Given that the pain and discomfort many women face during the first day of their menstrual cycle, this move has been much lauded by many.
However, Hyderabad-based medical professional Dr Madhura Ghatol, 26, begs to differ. “In a world where, we, the women of ‘today’, the ‘equal’ contributors to the world economy, cringe when our male counterparts make snide remarks like, ‘It must be that time of the month for her’, whenever we try to put our point across a little too aggressively, this ‘period leave’ seems ‘belittling’. The feminists, seekers of ‘equality’, breakers of ‘glass ceilings’, must really sit and think if this policy is progressive. Does it not re-confirm the agenda of gender discrimination?” she questions, adding, “We speak of marching shoulder to shoulder with the other sex in the ever-so-demanding corporate world, but through this policy, are we not asking leniency (do not wish to use the word sympathy) based on our biological make-up?”

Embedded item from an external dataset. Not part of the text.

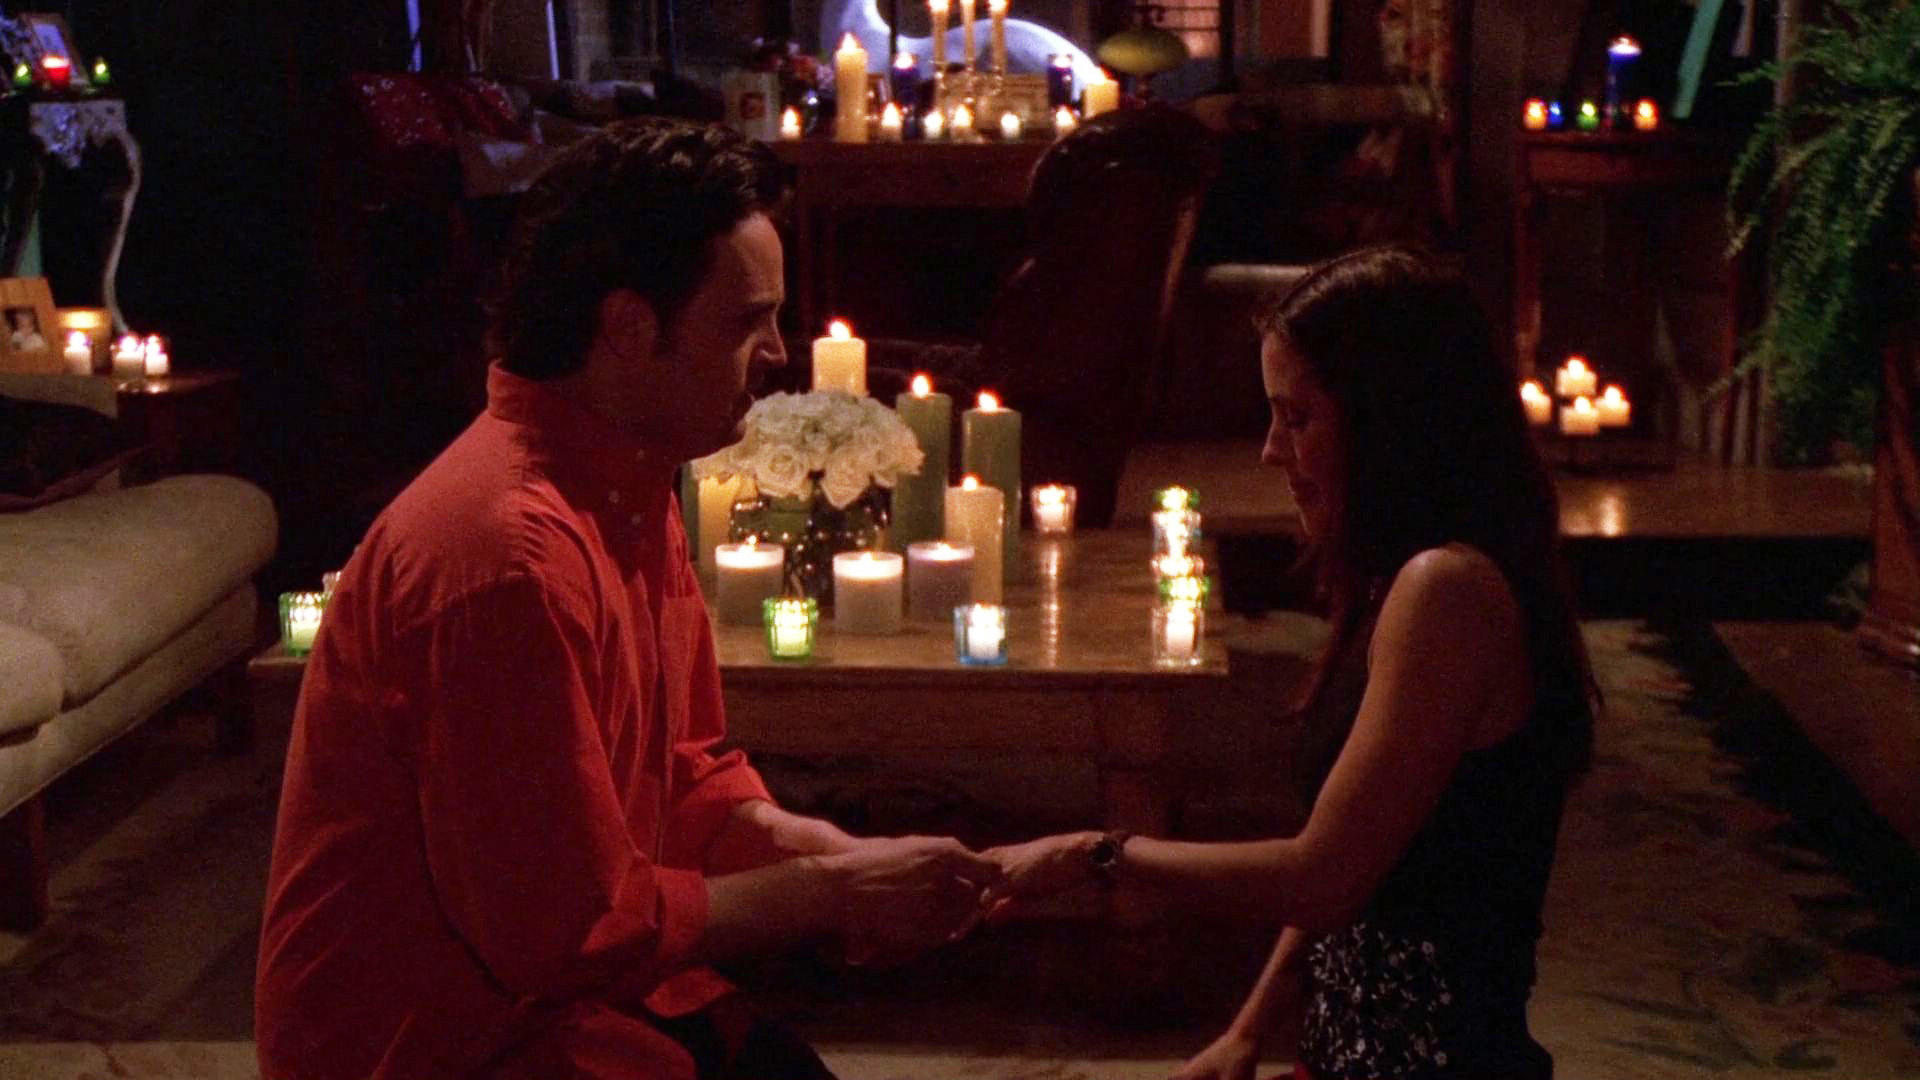 Friends (S06E25): The One With The Proposal (2) Summary - Season 6 Episode 25 Guide

Some women have nightmares even thinking about periods as they suffer from extreme pain, profuse bleeding, other symptoms like vomiting, fainting spells, so much so that sometimes they really cannot function. But “does this not qualify for medical leave? Let us not bring in the maternity leave here as one might argue that even that is a women-specific benefit. I believe maternity and menstruation cannot be weighed on the same balancing scale,” Dr Ghatol says.

Renowned comedian Daniel Fernandes and others, however, have come forward in support of the policy. “To say that this policy only serves to emphasise that there is something spectacularly otherworldly about a bodily function is actually quite correct. As a man I will never know what menstruation feels like,” he wrote in a blog post.


No more ‘Talaq Talaq Talaq’
In a landmark verdict, the Supreme Court ruled earlier this year that divorce among Muslims through the practice of triple talaq was “void, illegal and unconstitutional” . Triple talaq — the personal law by which Muslim men can instantaneously divorce their wives by uttering talaq thrice — “is not integral to religious practice and violates constitutional morality,” the Supreme Court judges said. A bill seeking to criminalise the practice of instant triple talaq among Muslims is set to be introduced in the Lok Sabha today (Dec 28).

The community has varying opinions on the issue. “Because of the illicit preaching of many mullahs, Islam, like a few other religions, has now been moulded to suit people and their unlawful activities. The Quran demands time and patience in executing a divorce unlike the new and trendy Triple Talaq, which allows men or women to divorce by just repeating the word ‘Talaq’ three times. Islam doesn’t sanction this method and I hope people of this faith would educate themselves more about marriages and divorce in Islam. A simple Google search, I’m sure, will help,” says Hyderabad-based Shabana Galaria, 27. “This trendy Triple talaq was never sanctioned by the Quran anyway. It was constituted by a few men who didn’t find it necessary to understand the religion and its teachings in the first place. I believe the whole issue rising up and the government taking action against it, will finally let people of this faith educate themselves more about Islam and live a Sunnah life,” she believes.

Apart from these, several other women-friendly incidents marked the year. While the men in blue have dominated the Indian cricket scene for decades, things took a turn in 2017 when the Indian women’s cricket team reached the World Cup finals. Their dream of winning the World Cup might not have come true, but the women took centre-stage in a world otherwise dominated by men, making July 23 a historic date for Indians. The team received many accolades.

Others include the Centre’s fresh attempt to clear the Surrogacy (Regulation) Bill, 2016, whose paternalistic nature was criticised in a Parliamentary panel report submitted in August 2017. The Muslim Women (Protection of Rights on Marriage) Bill, 2017, which if passed, will allow divorced Muslim women the right to seek maintenance from their husbands, before a magistrate’s court. The bill will be introduced in the Lok Sabha today (December 28).